This might be one of the most inspired, enervating paragraphs I have read in a long time, alive with words not often found in fiction (“yeastily”! “traumata”!), combined with a description of a series of acts of such improbability that it still comes as a surprise to learn in the next paragraph that Dominique the stripper has died on the sixth day of her marathon dance session. One has a sense of Dominique as trapped by these knots she cannot remove, and yet empowered to remove them; she is performing, voluptuously, but also bored, as the shrug suggests This Moroccan stripper’s is, on the one hand, considered so tangential that it is entirely parenthetical. On the other hand, Mathews’ frames her death as of such magnitude that “she was proposed to Rome for canonization.” It hadn’t once occurred to me she might be a Catholic.

If Mathews owes a debt to anyone, it is Georges Bataille and his Story of the Eye.
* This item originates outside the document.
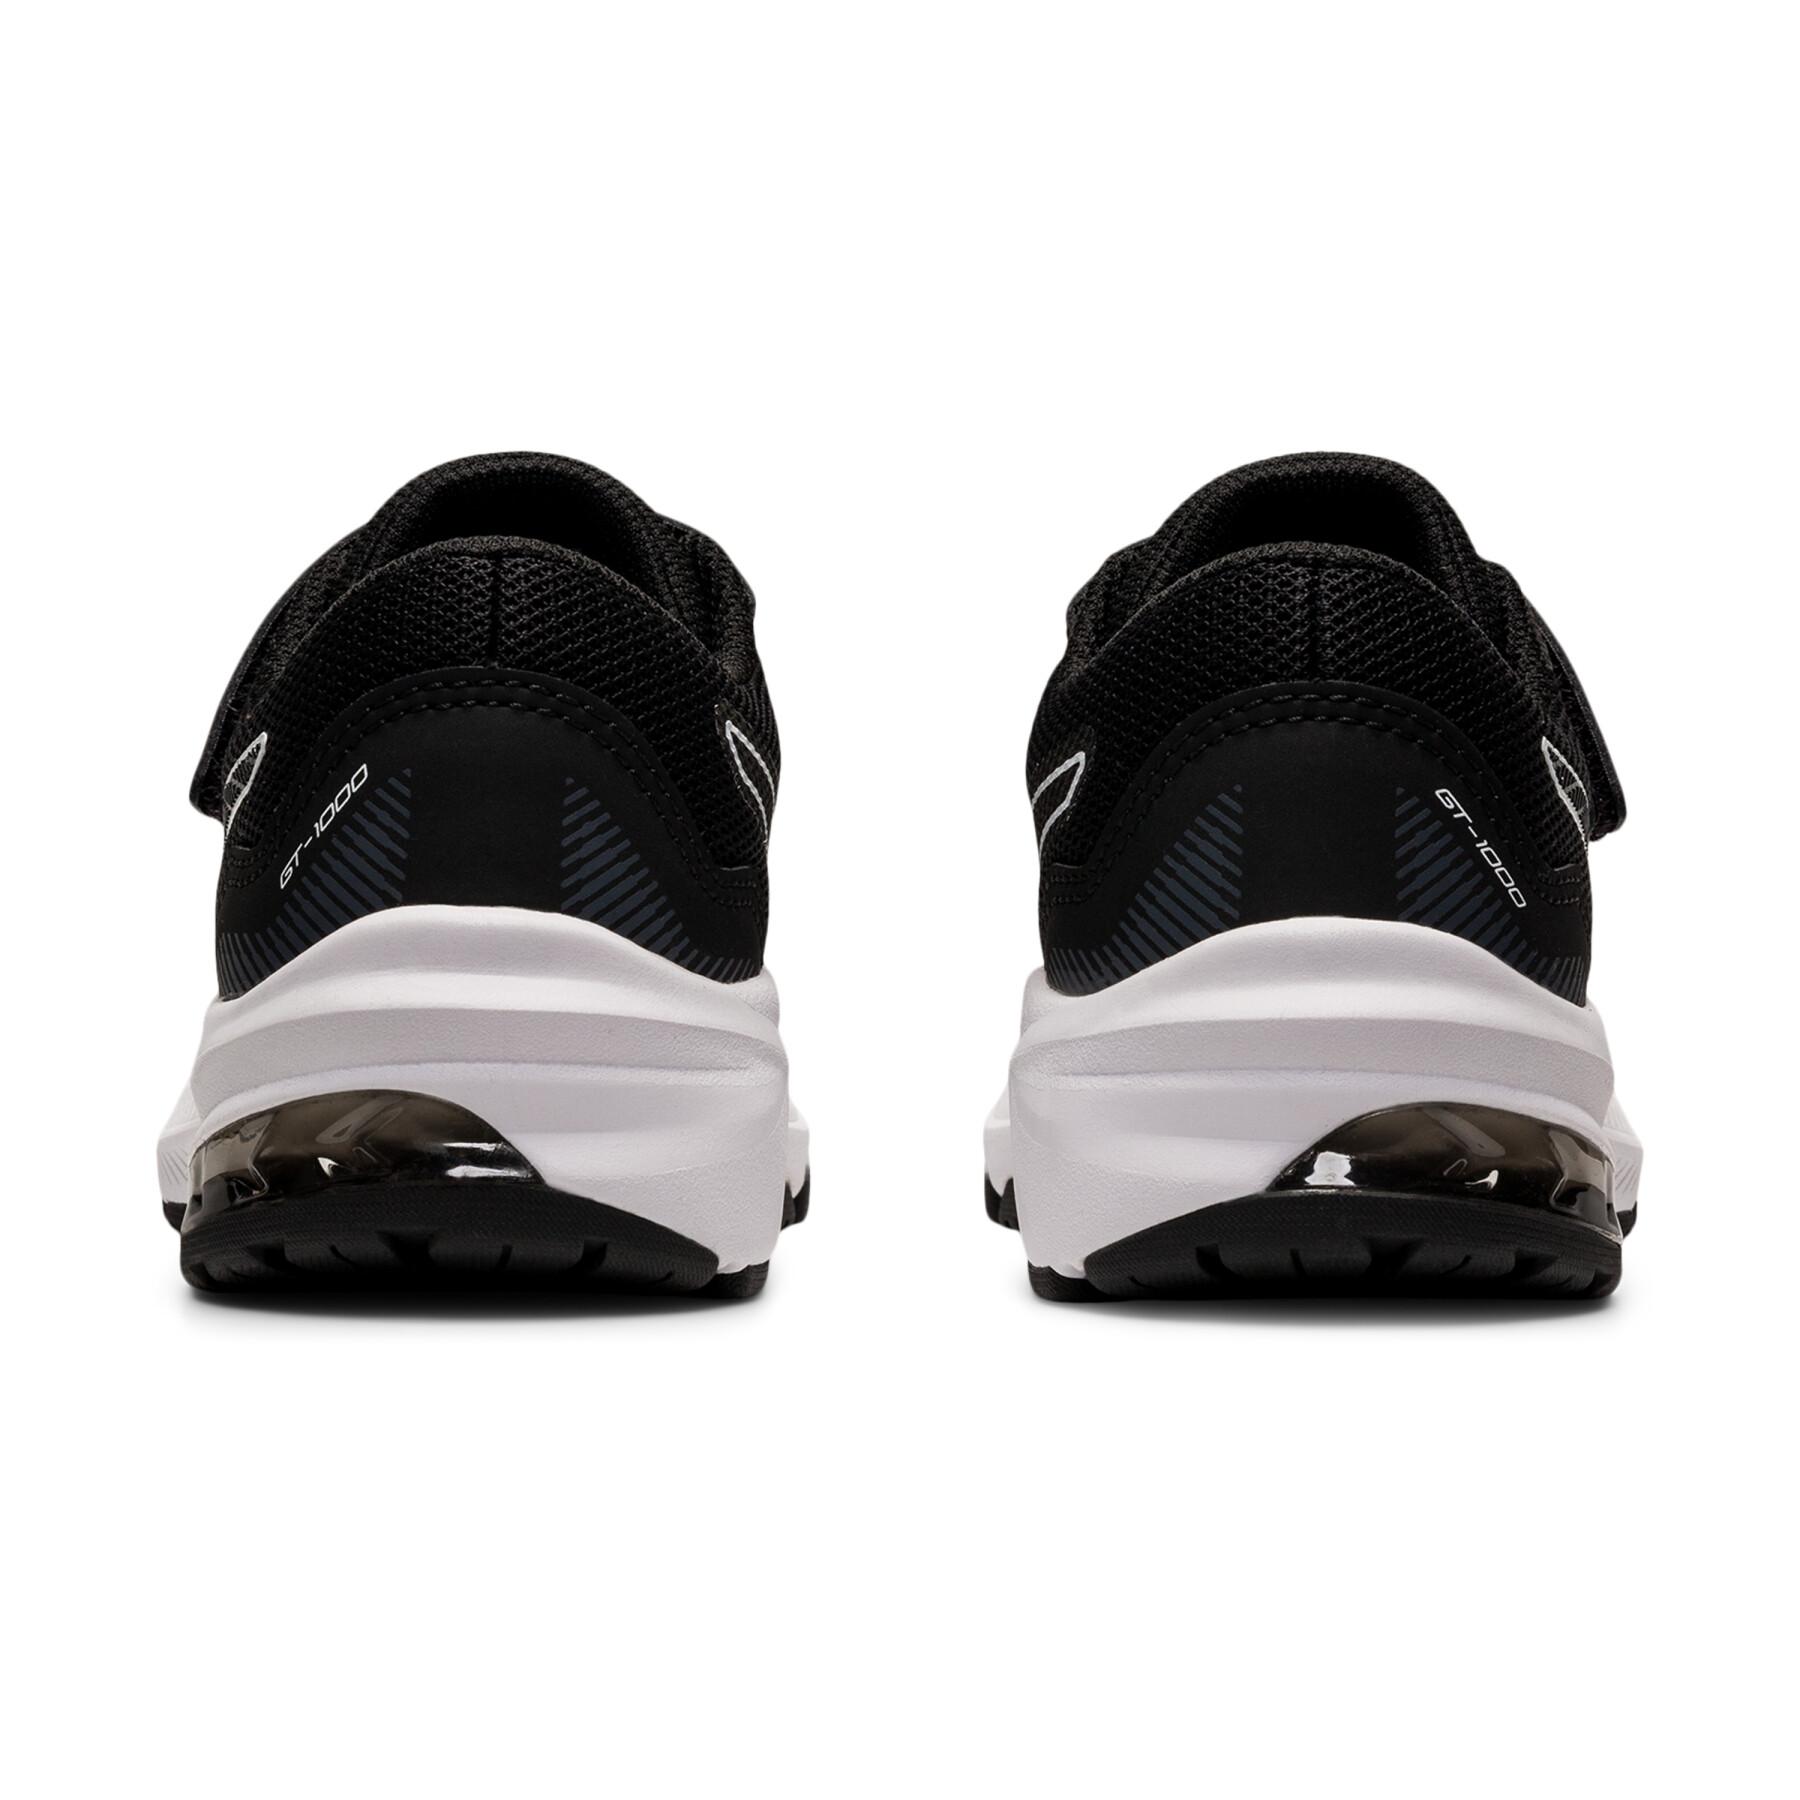 Chaussures de running enfant Asics Gt-1000 11 Ps

Tlooth is less aggressive (if no less violent) but just as manic in its appetites, and just as absurd in its approach to the same. A long section—at least, long in the context of this story—in the middle of Mathews’ novel is itself another fiction, a living walkthrough of a movie script, highly pornographic, that the narrator has been hired to write. I call it a “living walkthrough” because, as the reader, you lose your own sense of whether you’re reading the script that Mathews’ protagonist has written, or if that same protagonist is now actually in the story.
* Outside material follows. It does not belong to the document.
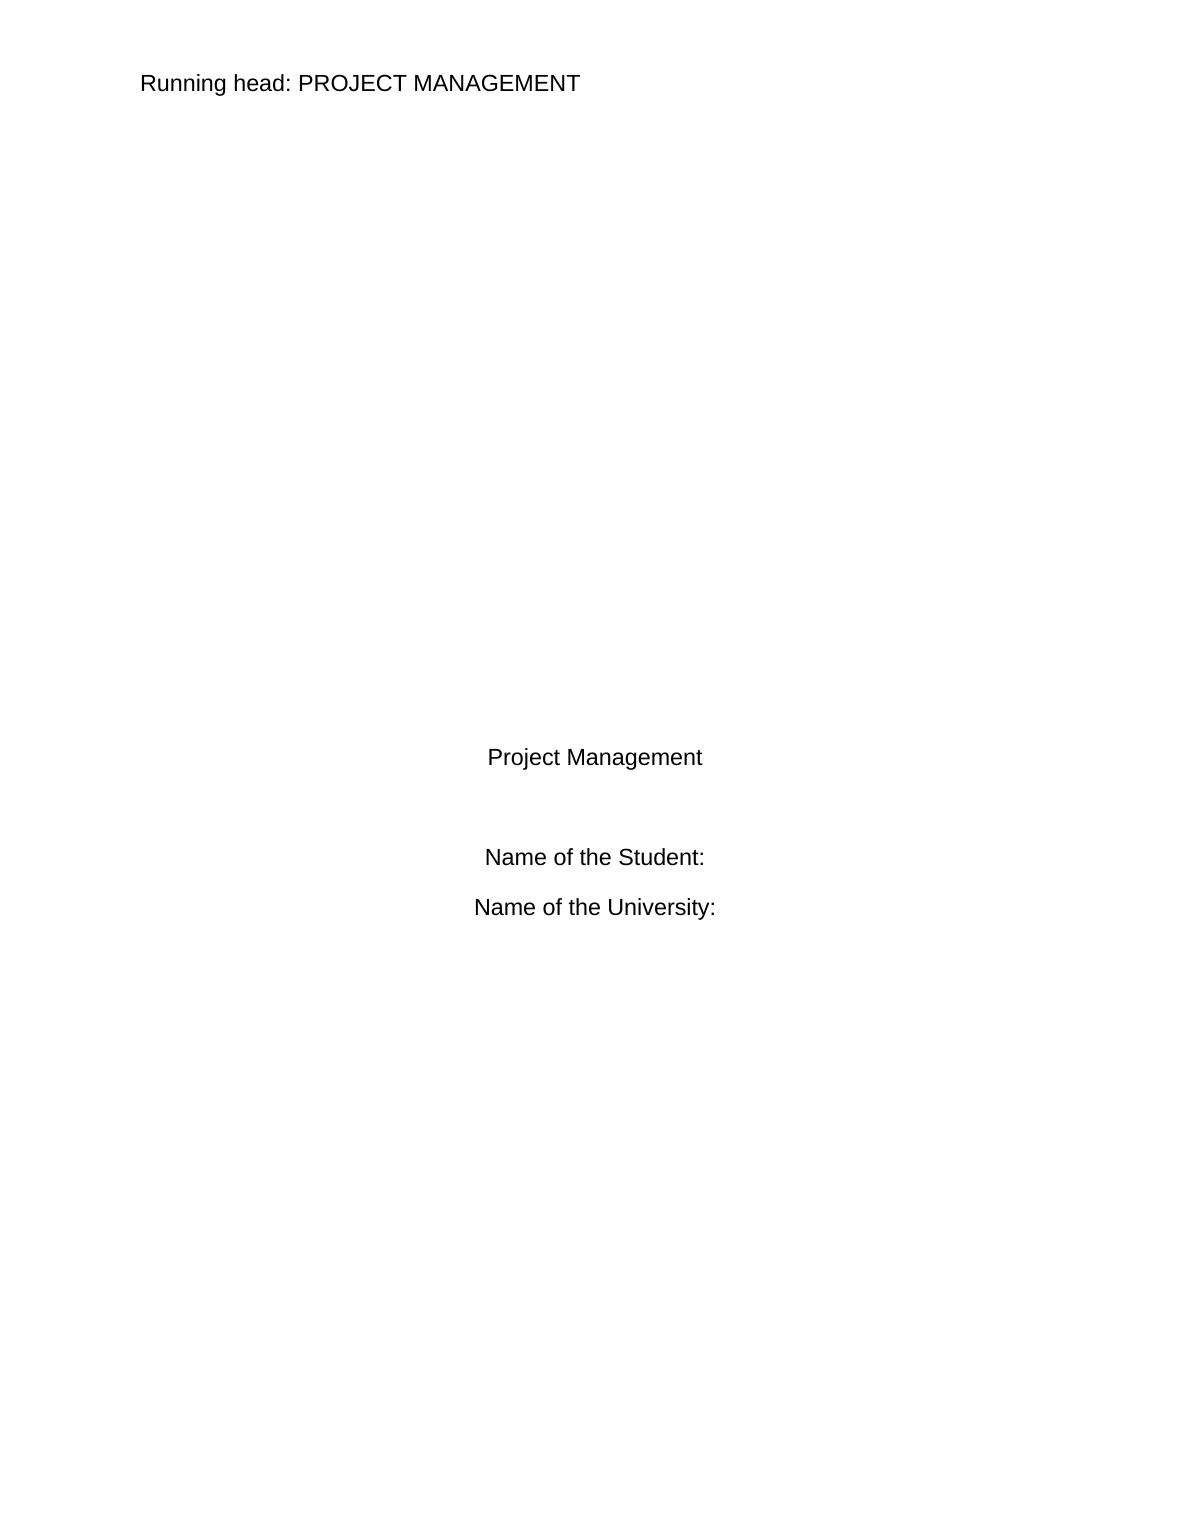 Project Management_1

We get references to how the camera should pan in one direction or the other. We get a mixture of highly specific, scene-setting detail—from clothing to the use of Wedgwood china to the acts being performed and in which locations—and at the same time a glib skipping over of any kind of context that might help the reader establish a genuine point of reference. It doesn’t really matter. And still, at the end of the whole section, after so much absurdist human interaction, it comes as a surprise to find the script completely dismissed by the crazy Count who commissioned it: “It’s interesting. But where is the character development? In the last scene we do not really know anything more about Sister Agnes than we did in the first.” (Page 136)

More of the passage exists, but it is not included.